Of course, predicting an AI’s behavior seems quite far stretched given our current understanding of AI systems. It has also been argued that this is strictly impossible for an advanced AI [Yampolskiy, 2020b]. Using the framework employed here, there seems to be a good argument to that conclusion. To see this, we have to think about how the challenge develops for more intelligent agents. In the RL framework employed here, to predict an agent’s behavior, one needs to account for the current state, its model of the environment, its (resulting) value function, and the resulting policy which specifies the agent's actions. Consequently, we at least need to be able to tell its state, model and value function to predict the policy and behavior that is downstream of these. We argued before that the agent’s model is central to its adaptive behavior and thereby its intelligence. Thus, more intelligent agents have a better model of their environment which we need to predict. Based on this alone, we can see that the task becomes increasingly difficult for increasingly intelligent AI systems. More intelligent agents have a better model of their environment so that the task of predicting the actions of a more intelligent AI agent has to involve capturing this increasingly better model. For this reason, predicting AI behavior gets increasingly difficult as we develop smarter systems. This is mirrored in the common surprise regarding the capabilities of more intelligent AIs that have been deployed, and in our inability to predict which capabilities AI systems will develop (e.g. jobs in creative industries seem much more at risk than most anticipated). Given the argument we just made, we should expect to be increasingly worse at predicting the capabilities of future AI systems.

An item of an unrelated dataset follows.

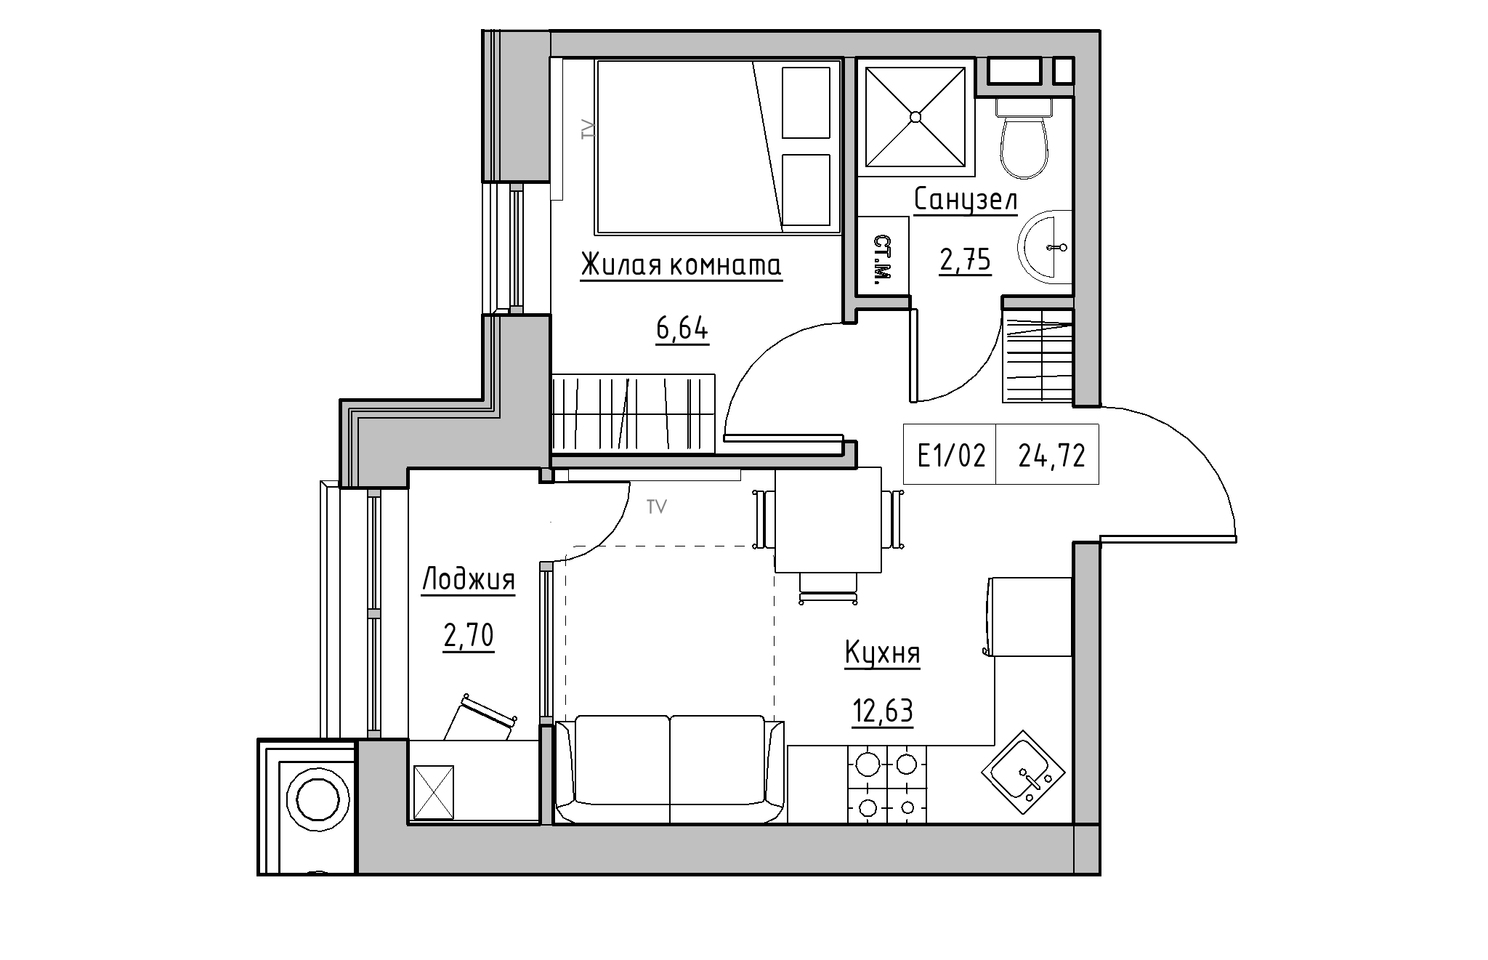 Планировка 1-к квартира площей 24.72м2, KS-010-05/0016.

Finally, this should also make it clear that the task of predicting AI behavior is not only increasingly hard but impossible for an agent that is sufficiently more intelligent than us. If the higher intelligence of an agent A means having an increasingly better model, then an agent B that is less intelligent will by definition have a worse model which won’t allow it to predict the behavior of A. We can also turn this into a proof by contradiction. Suppose that an agent B which is less intelligent than an agent A is nevertheless capable of predicting the behavior of A. Since the lower intelligence of B entails it to have a worse model than A, the less accurate model of B has to accurately predict the more accurate model of A. But that is a contradiction so that our initial assumption must have been wrong. Notice especially on that last version the similarity to the proof of the same statement by [Yampolskiy, 2020b]. The difference lies in the use of the agents’ models which we argued gets better with increasing intelligence.

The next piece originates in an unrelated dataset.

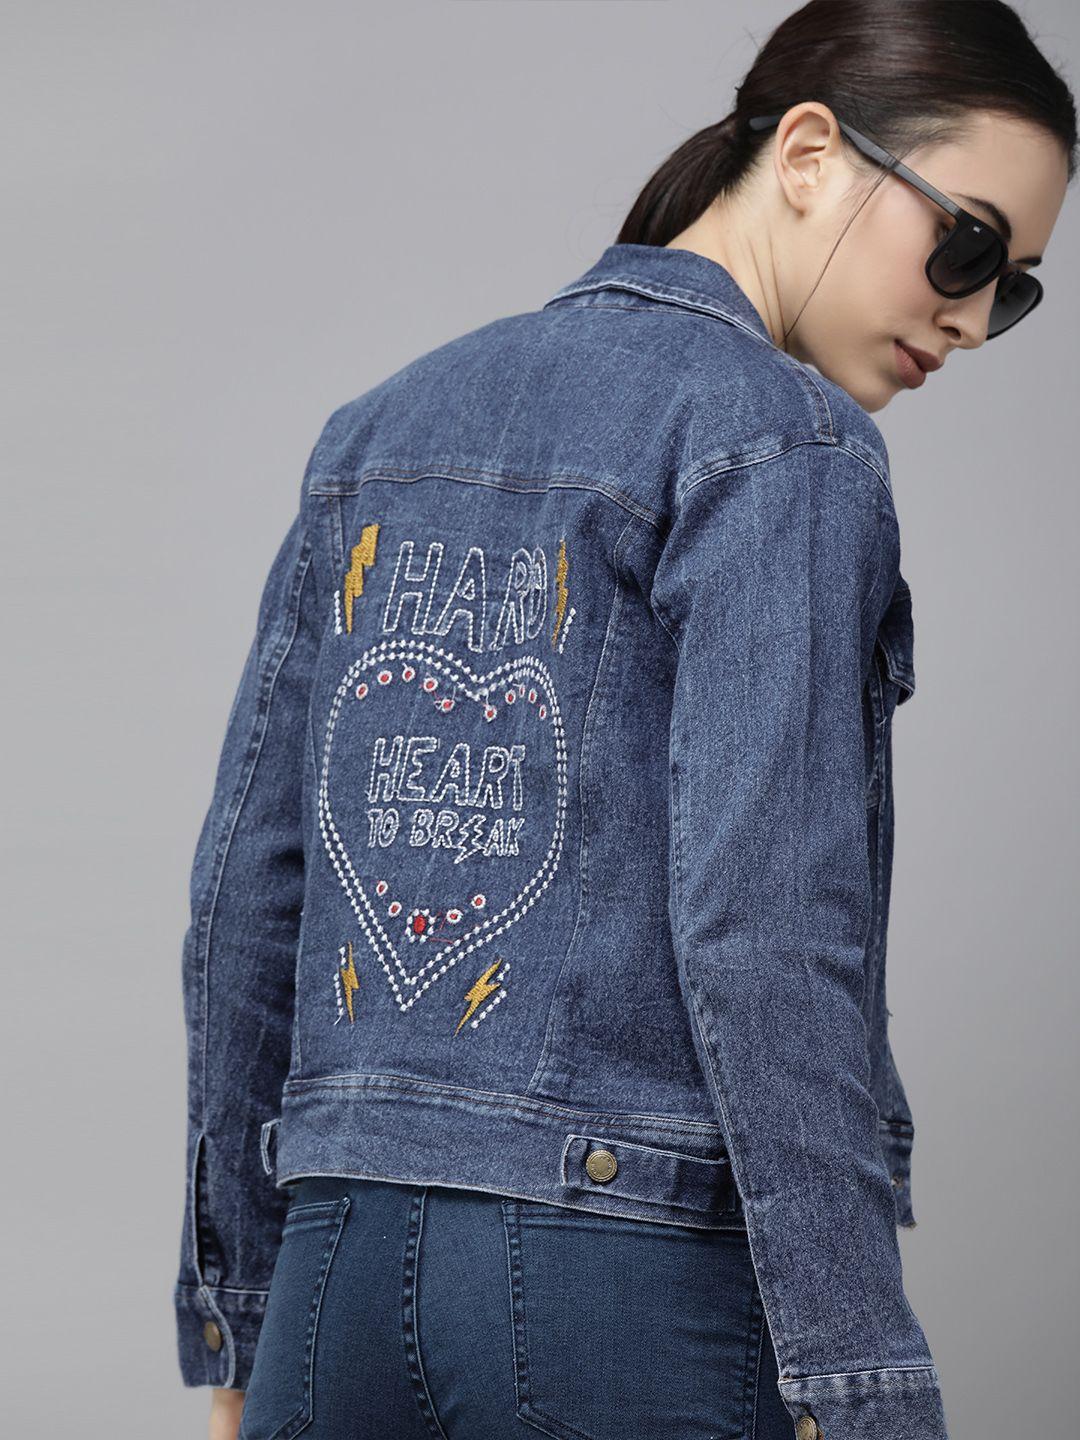 voxati women blue typography embroidered denim jacket

To anticipate one answer: It could be that the two agents’ models also differ in their computational complexity besides their accuracy so that B could leverage its simpler and or faster algorithm in modeling A. Here, we refer back to our previous discussion of this point. We mentioned that we expect a pressure towards speed and a low computational complexity of the agent’s model in most environments. Further, more intelligent agents are the ones which optimized their policies further to their complex environment on the basis of a better model. All else being equal, we therefore expect them to also have had more exposure to these pressures so that inefficiencies are less pronounced in the more intelligent agent than the less intelligent one. Thus, while it is conceivable that a less intelligent agent could leverage its lower computational complexity and/ or higher speed, this seems implausible in practice. Independently, it also seems implausible in practice since artificial neural networks are already much faster than us.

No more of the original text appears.